Wednesday, November 5, 2014

Noise

I remember my mother singing on a daily basis when were growing up that "Silence is golden."  I agree and get what she meant by this now that I have children.  However I only feel silence is golden when my kids are sleeping or out of the house.  Because silence with them awake equals disaster!

Picture this....I have both kids in the car and we were on our way to take Audrey to Sunday School.  Ayden was given the special job of holding the thirteen paper towel rolls Audrey needed to take with her for a project.  I turned on the radio and the kids began to complain about the songs in the radio and we literally go through every station, they get to hear the tail end of a song and Ayden begins to scream because he wants to hear it again.  Sorry buddy, it's the radio not a CD.  After about two minutes of screaming and Audrey trying to add to my talk to Ayden they chaos dissipates, but not for long.

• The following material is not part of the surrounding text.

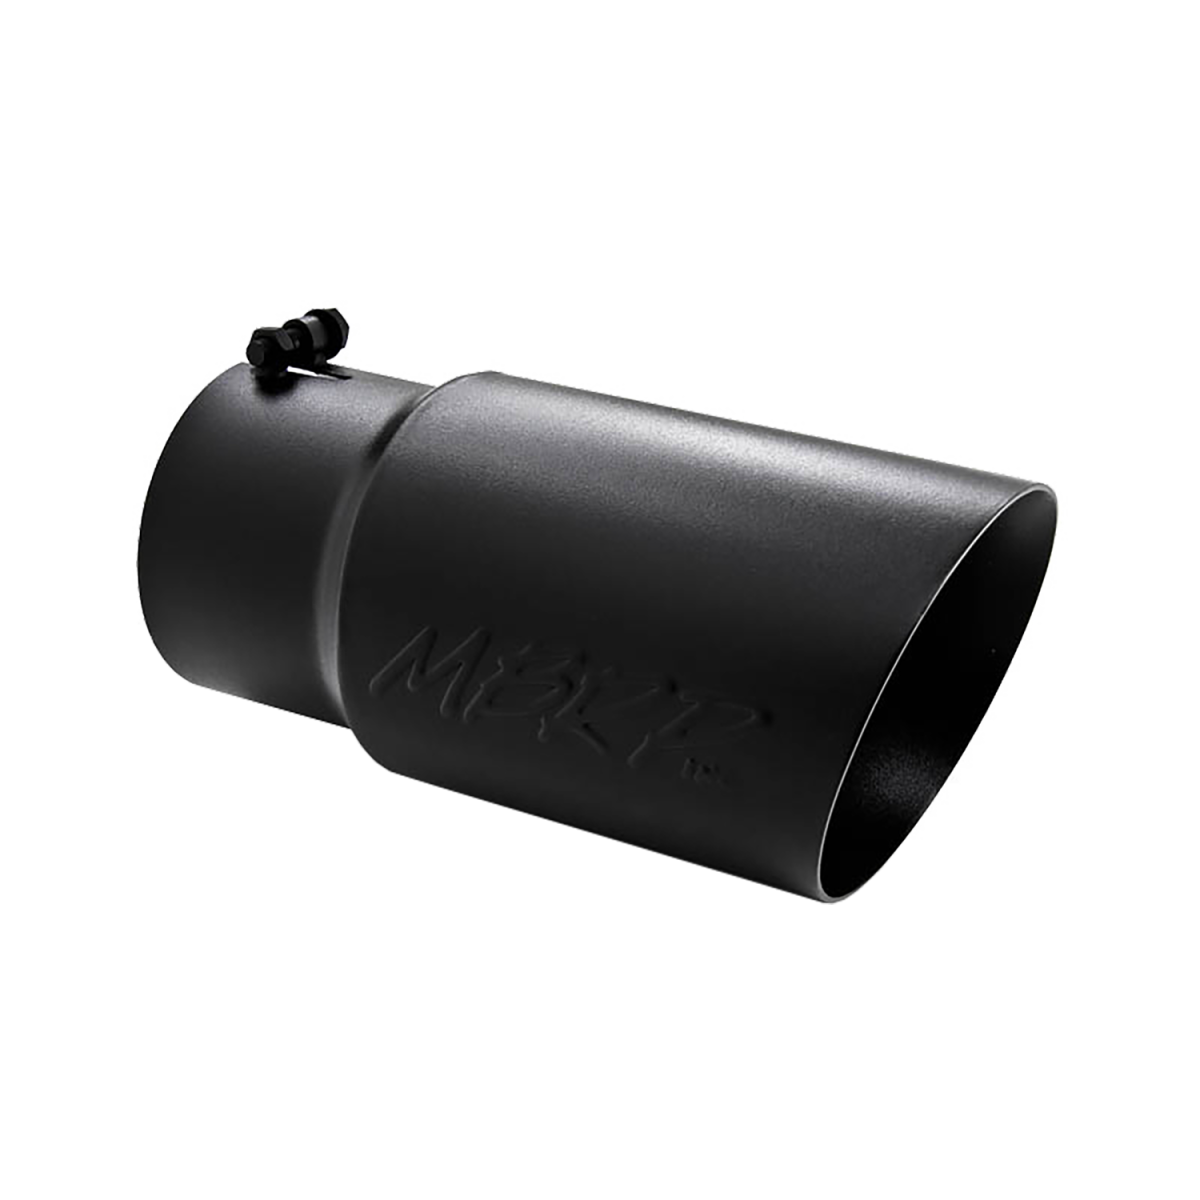 MBRP - MBRP Exhaust Tip 6 Inch O.D. Dual Wall Angled 5 Inch Inlet 12 Inch Length-Black Finish T5074BLK

Ayden has now changed his focus from music to noise.  Not little noise, but loud, obnoxious noise.  He has the paper towel rolls and is pretending to be an elephant, and of course he is so great at sharing he gives his sister a couple of rolls and encourages her to scream like an elephant as well.   I know elephants don't scream, but if they did my kids have the noise nailed.  At this point my eye begins to twitch and I have two choices to either loose it like a crazy person or breathe.  I was going to take the first route and scream that horrible phrase "Shut up", but then the noise turned to tears and Audrey is trying to talk Ayden through a crisis.  Yes friends, Ayden got the paper towel roll stuck on one arm and he did not know what to do.  Audrey kept yelling pull it off Ayden and Ayden kept crying that he couldn't and I needed to help.  Sorry buddy, I am driving.  It was at this point I just laughed at our loud obnoxious event.  Ayden gets the roll off his arm, to then get it stuck one more time.   Who said kids learn after their mistakes?  The elephant screams pick right up where they left off and continue until we arrive at church.  At this point the noise is done, and so are the paper towel rolls and Audrey.  This is when I begin to think that it sure is quiet.  I then turn on the radio and Ayden begins his critiquing of the radio stations, and our noise chaos begins again.

Here is the thing, I can't handle a lot of quiet during the day.  I think I can because I am constantly asking my kids to use an indoor voice, but at the same time I find peace in their loudness. Without the noise I am either fearing my kids are into something or that things aren't okay. Therefore, bring on the noise, and more than likely I will be that lady with the obnoxiously loud children in the store, but that is okay because it is my one way of keeping tabs on them and gauging in on how they are doing as little people.